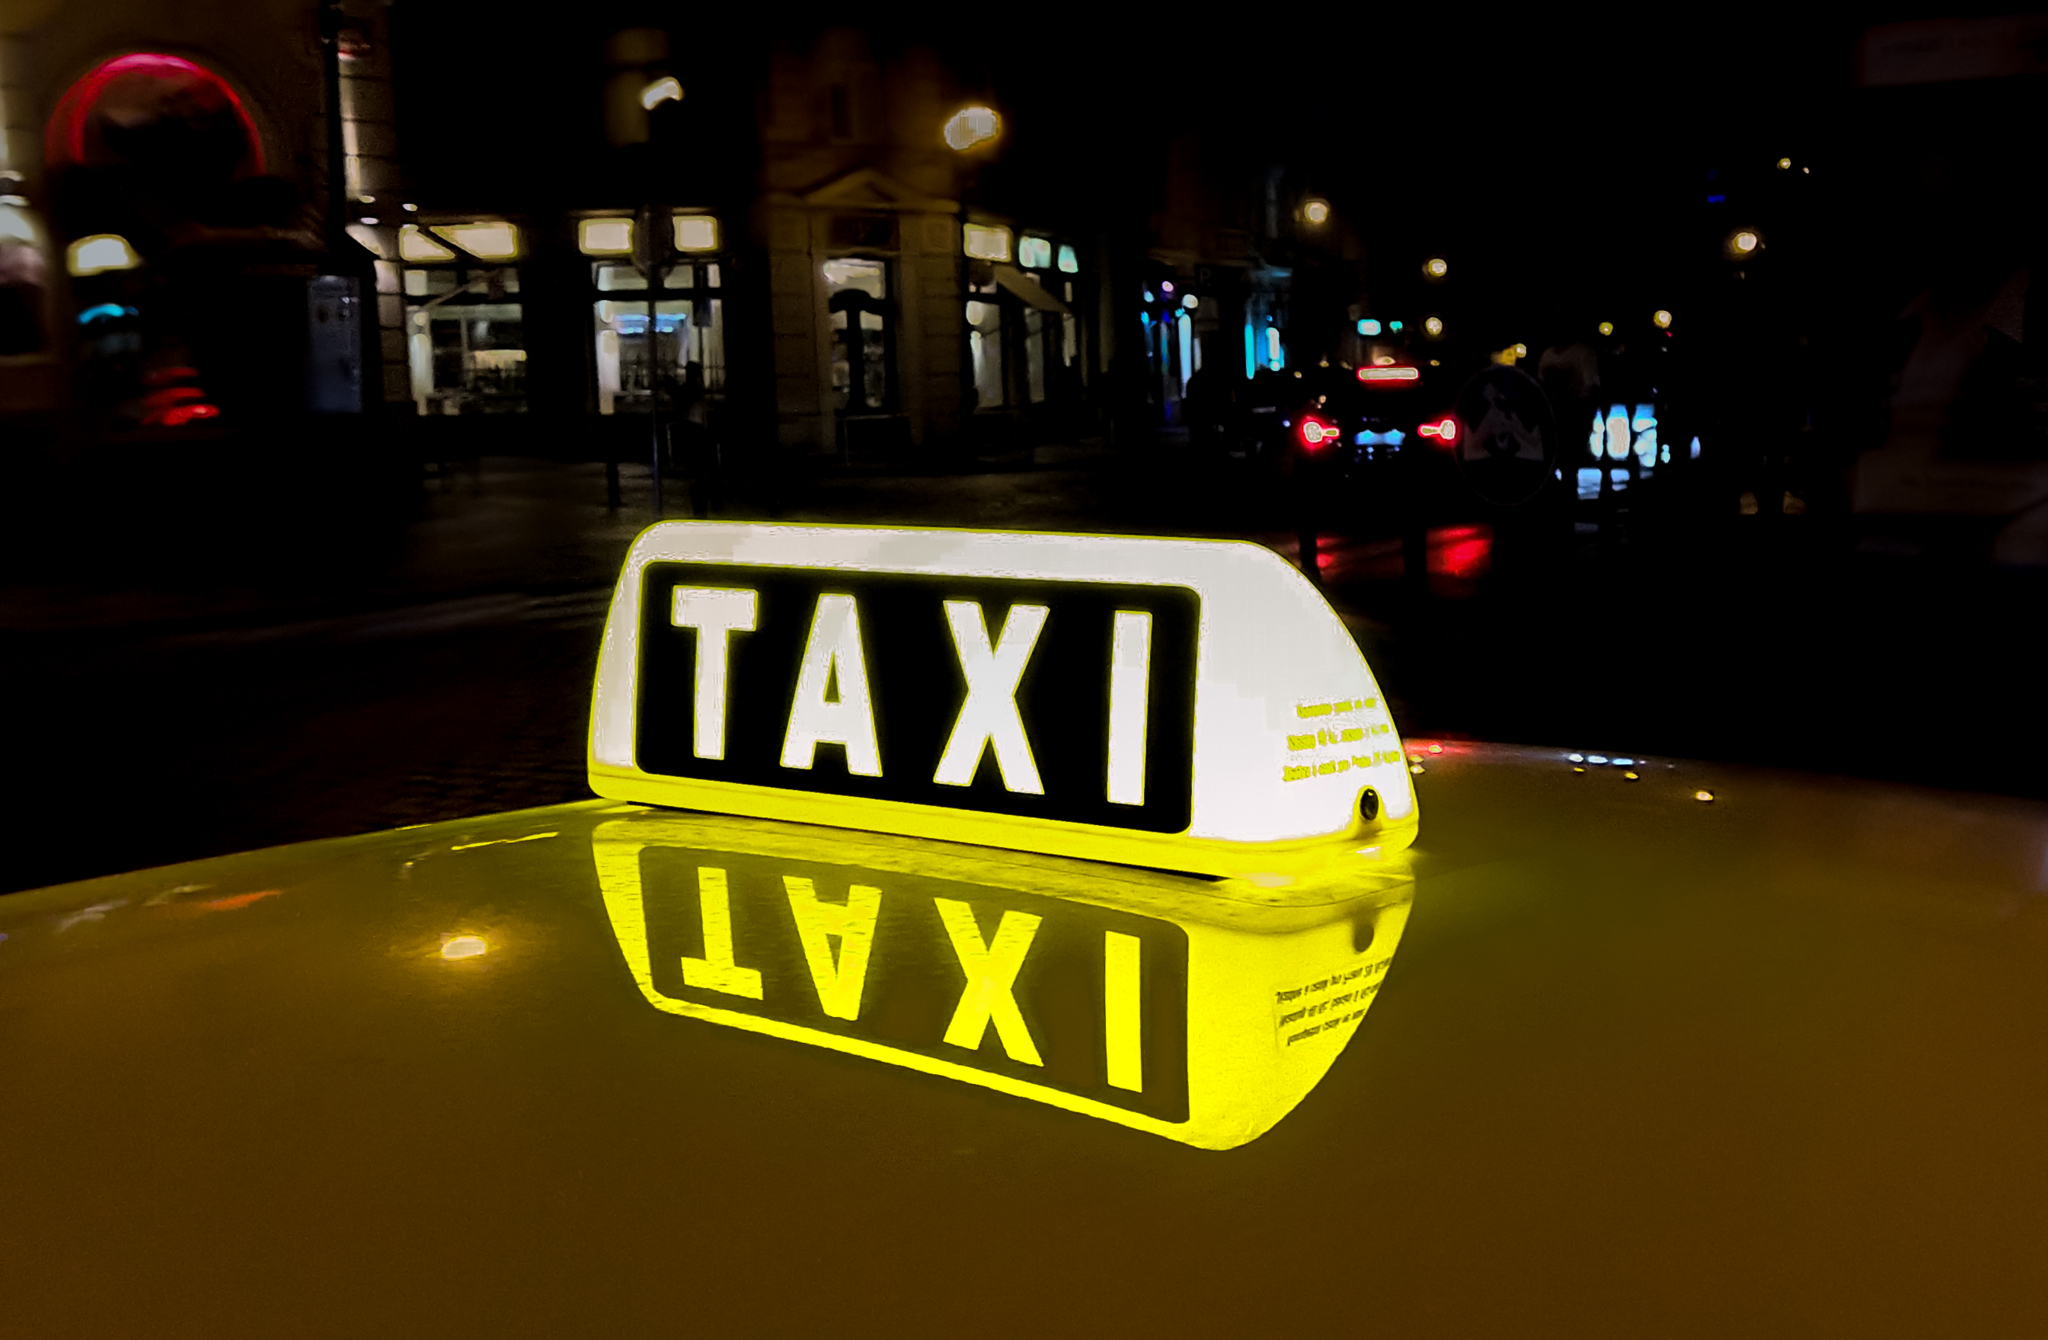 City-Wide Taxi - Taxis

------------------------------

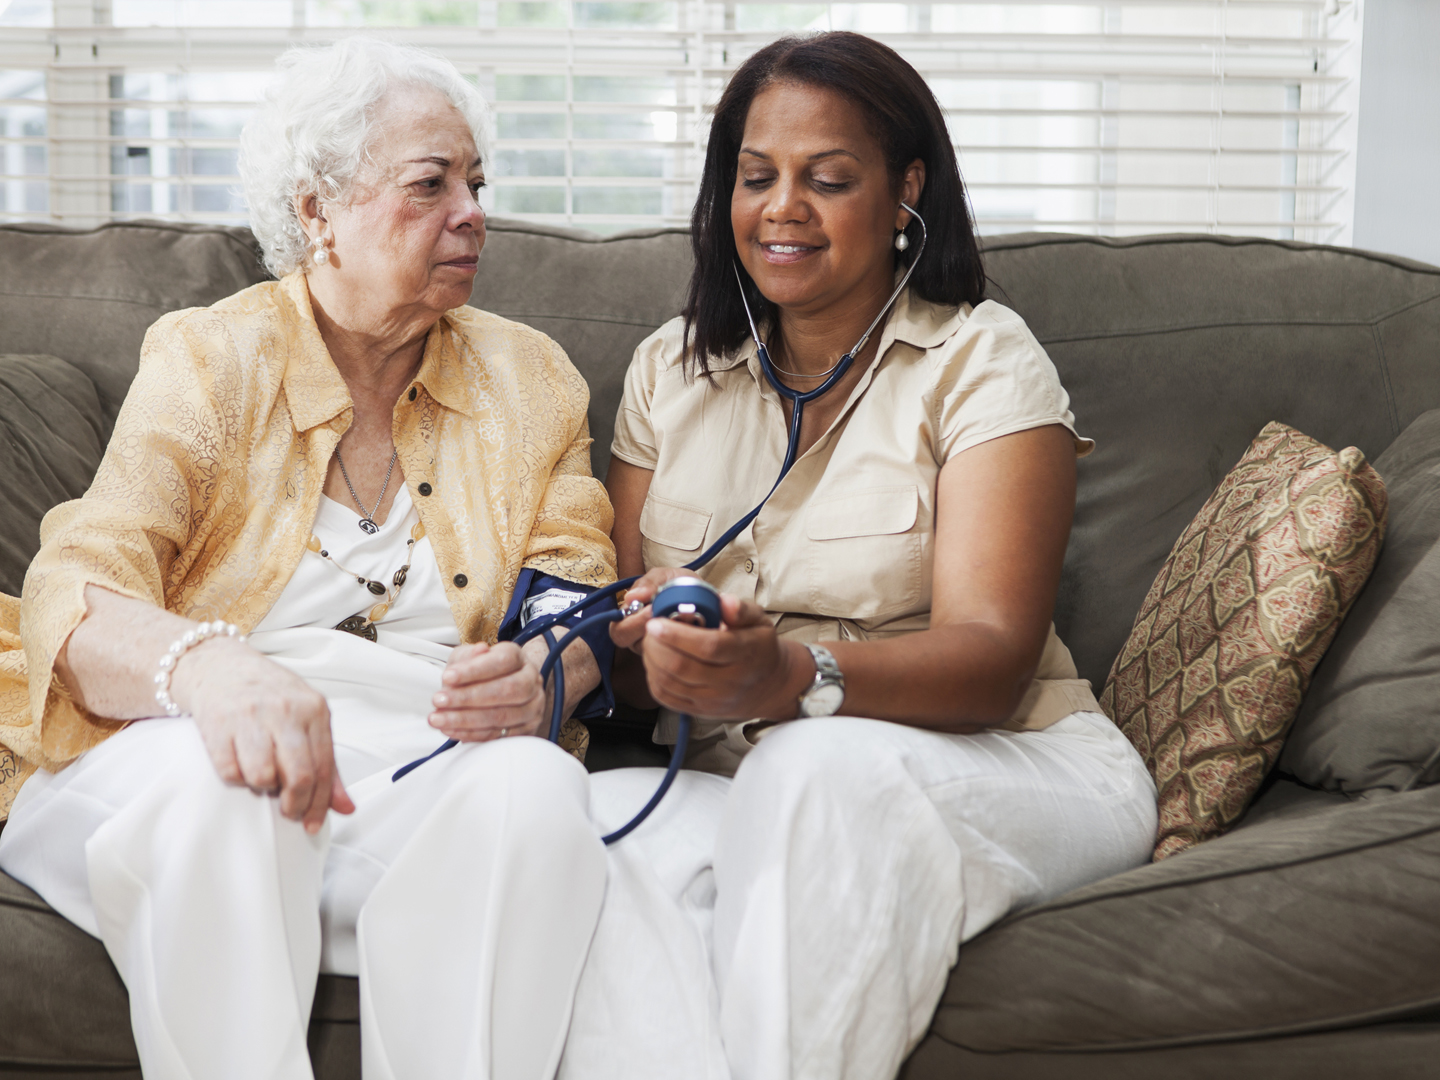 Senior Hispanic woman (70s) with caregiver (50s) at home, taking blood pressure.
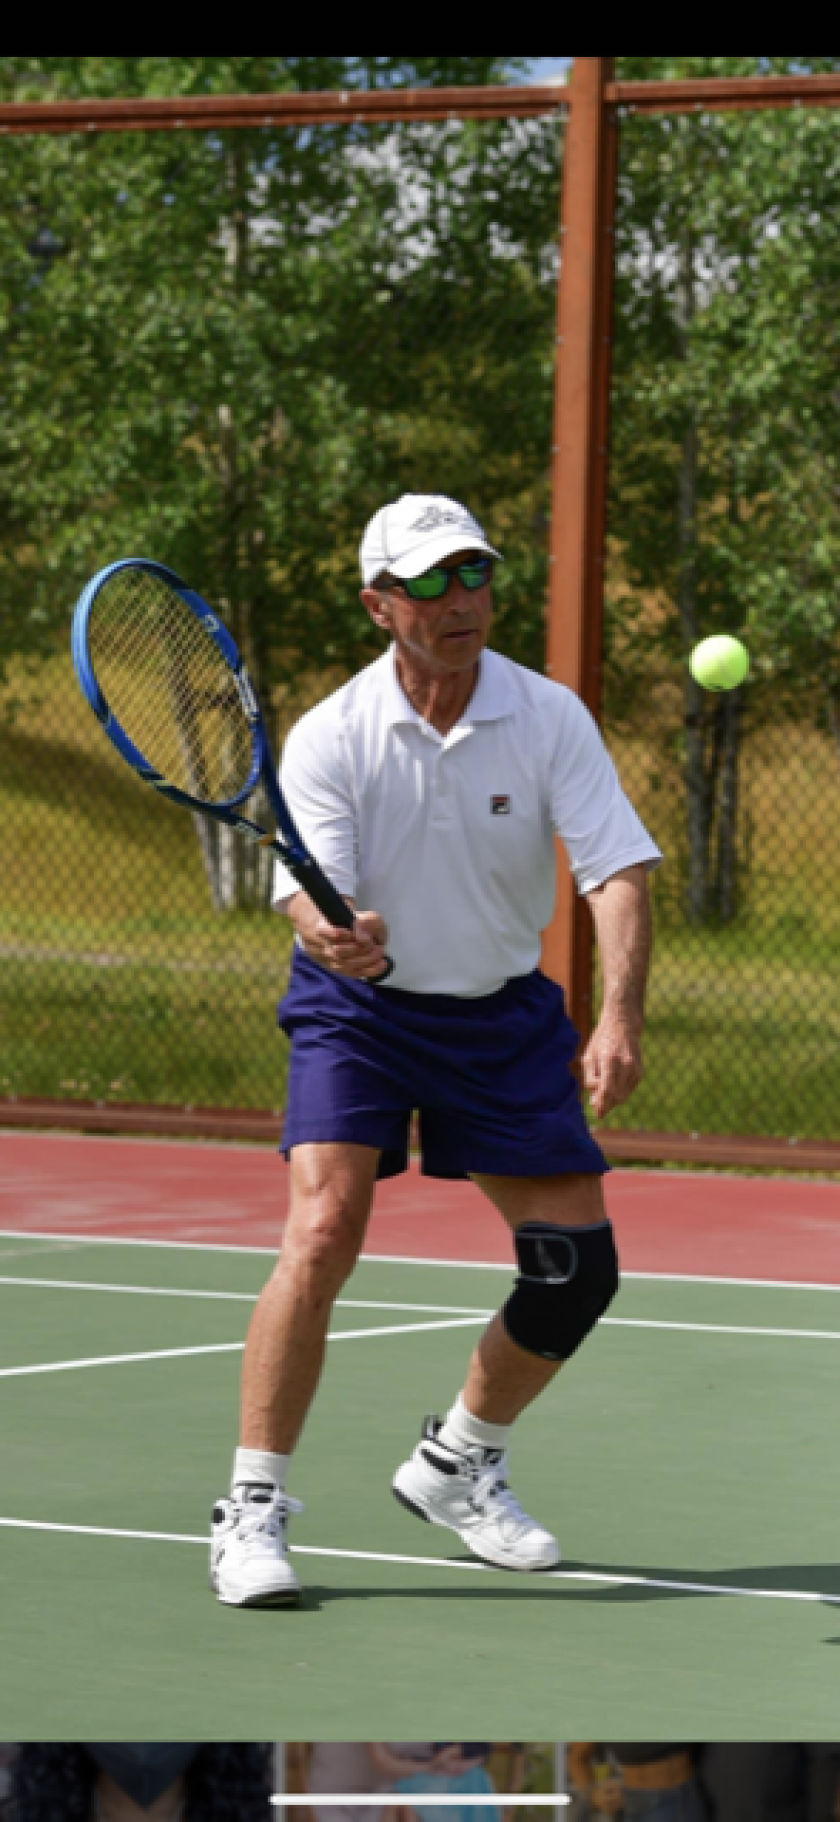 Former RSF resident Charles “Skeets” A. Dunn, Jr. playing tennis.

------------------------------

▶ _ASSIGNED TASK_
In the records above, find the line with "Senior Hispanic woman" and the line with "Former RSF resident". Write out exactly those lines and every one between, with no pictures and no other lines.

▶ _ANSWER FOR THE TASK_
 Senior Hispanic woman (70s) with caregiver (50s) at home, taking blood pressure.
 Former RSF resident Charles “Skeets” A. Dunn, Jr. playing tennis.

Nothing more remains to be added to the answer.